• **Information supplied**:

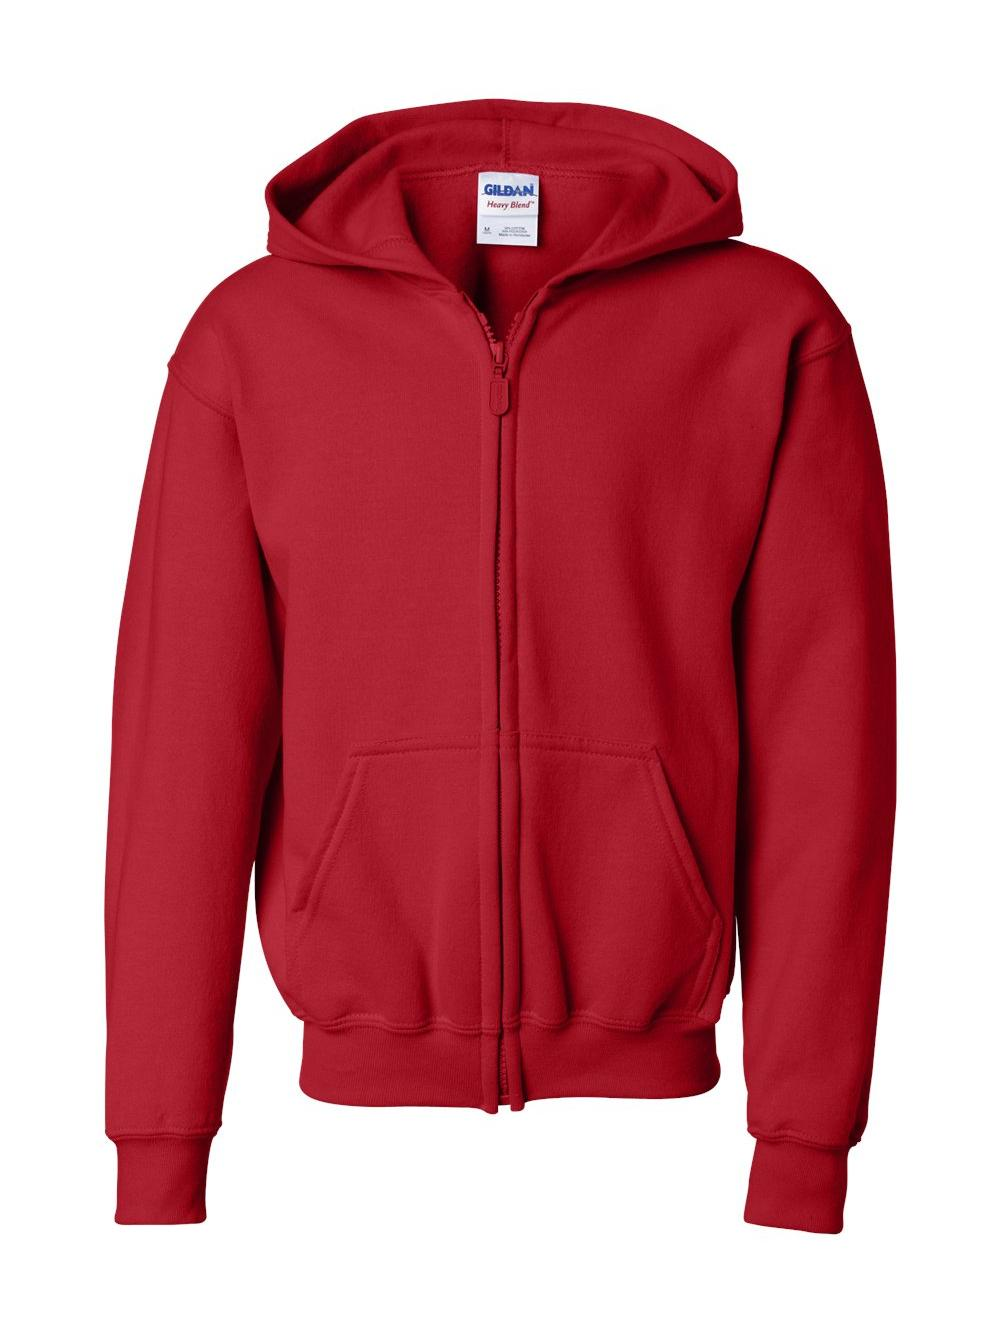 Fleece Heavy Blend Youth Full-Zip Hooded Sweatshirt
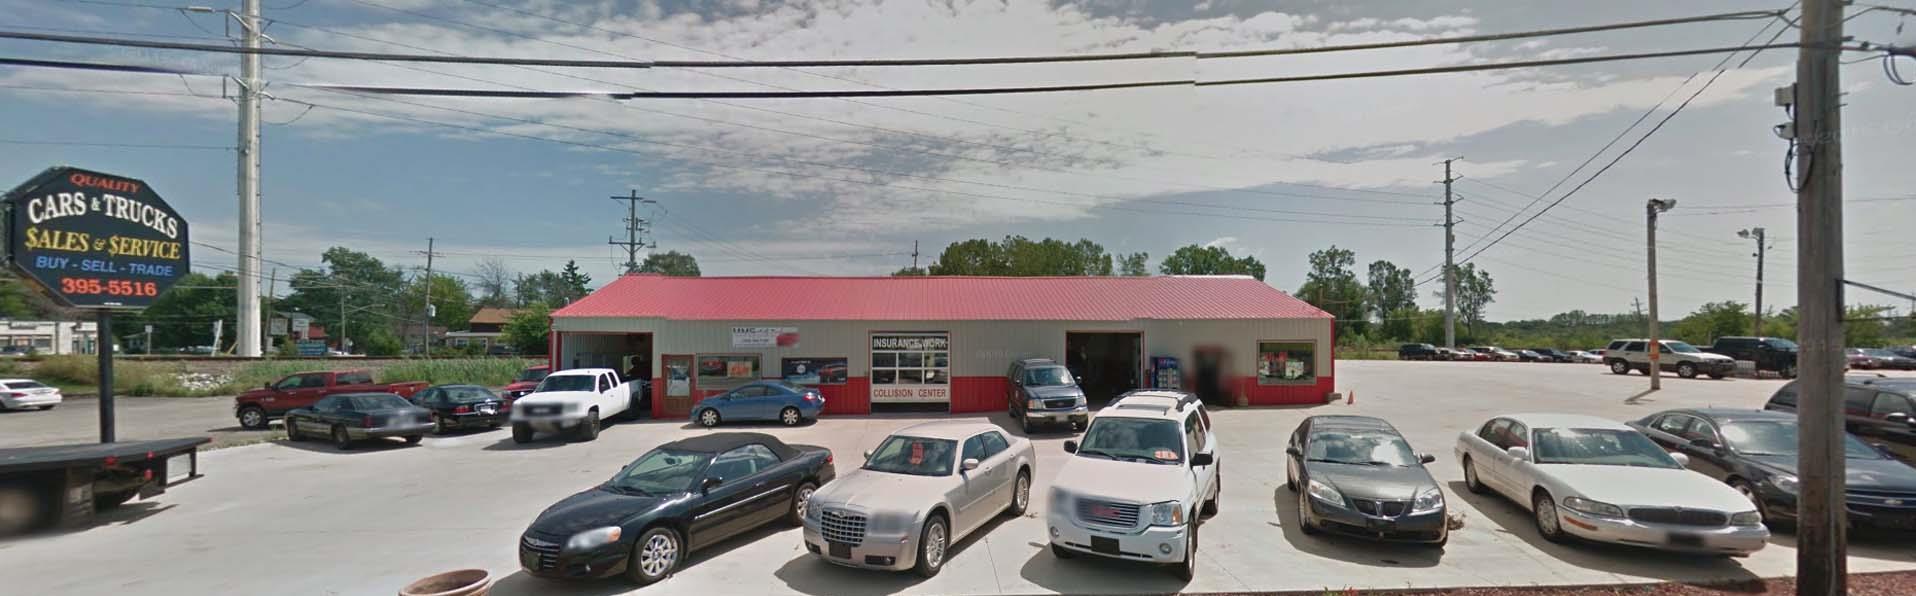 Car Dealerships Decatur Il >> Jm Motors Reviews - impremedia.net
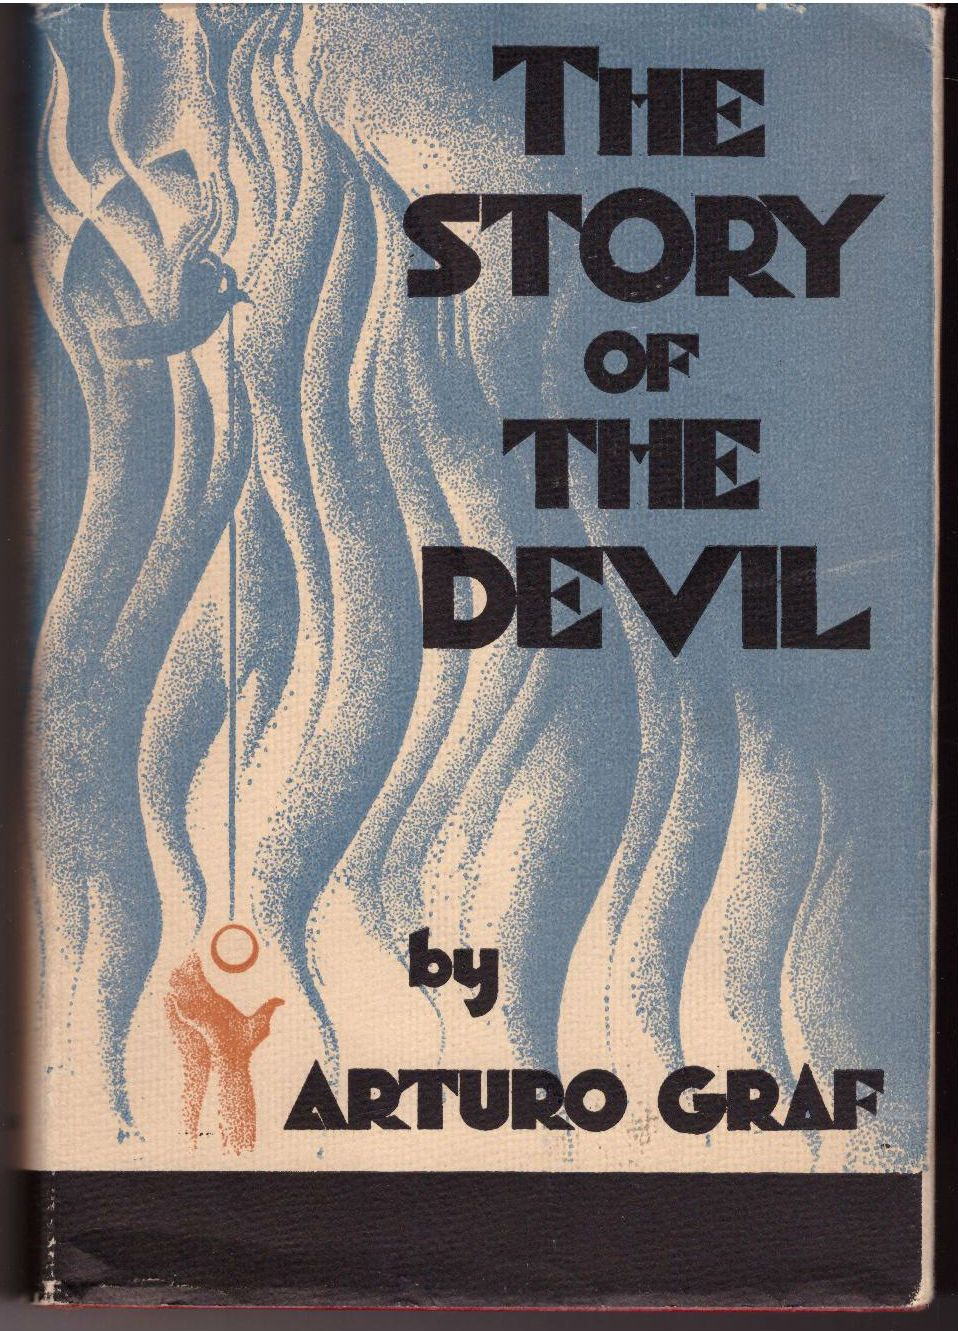 The story of the devil,, Graf, Arturo
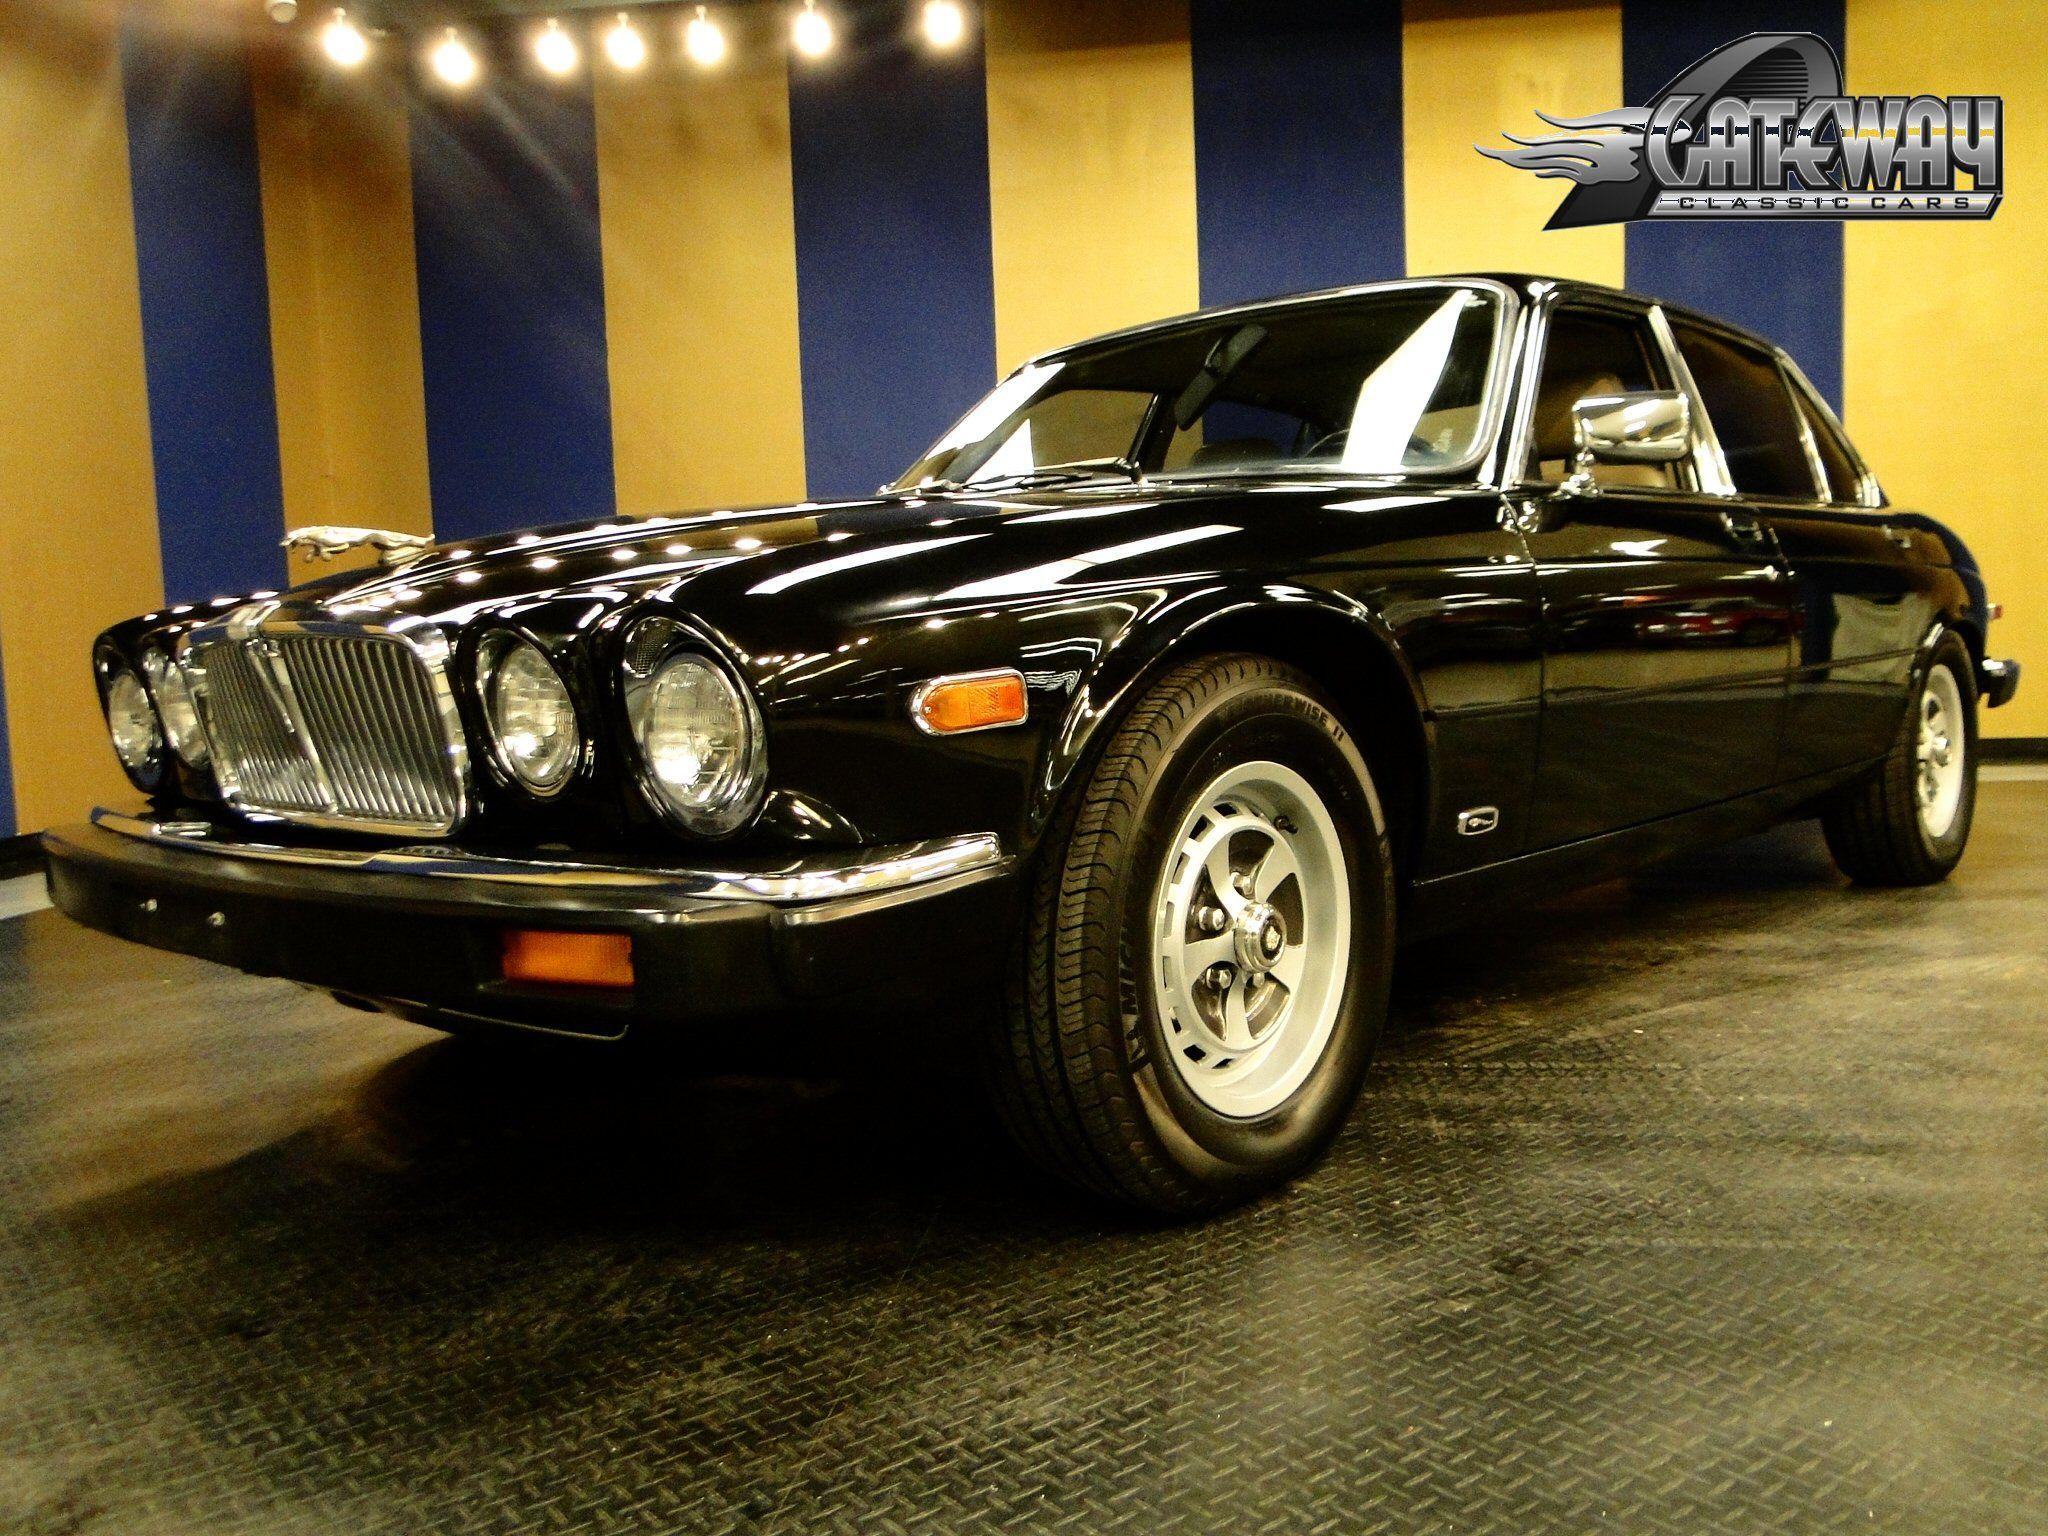 27448d4f8bbba0dd743759f2f54753d5?resize=665%2C499&ssl=1 1989 jaguar xj6 vanden plas review best jaguar in the word 2017 1988 XJ6 Vanden Plas at aneh.co

• **Activity**: Without any pictures, print the whole listing again exactly as it stands.

• **Exercise output**:
 Fleece Heavy Blend Youth Full-Zip Hooded Sweatshirt
 Car Dealerships Decatur Il >> Jm Motors Reviews - impremedia.net
 The story of the devil,, Graf, Arturo
 27448d4f8bbba0dd743759f2f54753d5?resize=665%2C499&ssl=1 1989 jaguar xj6 vanden plas review best jaguar in the word 2017 1988 XJ6 Vanden Plas at aneh.co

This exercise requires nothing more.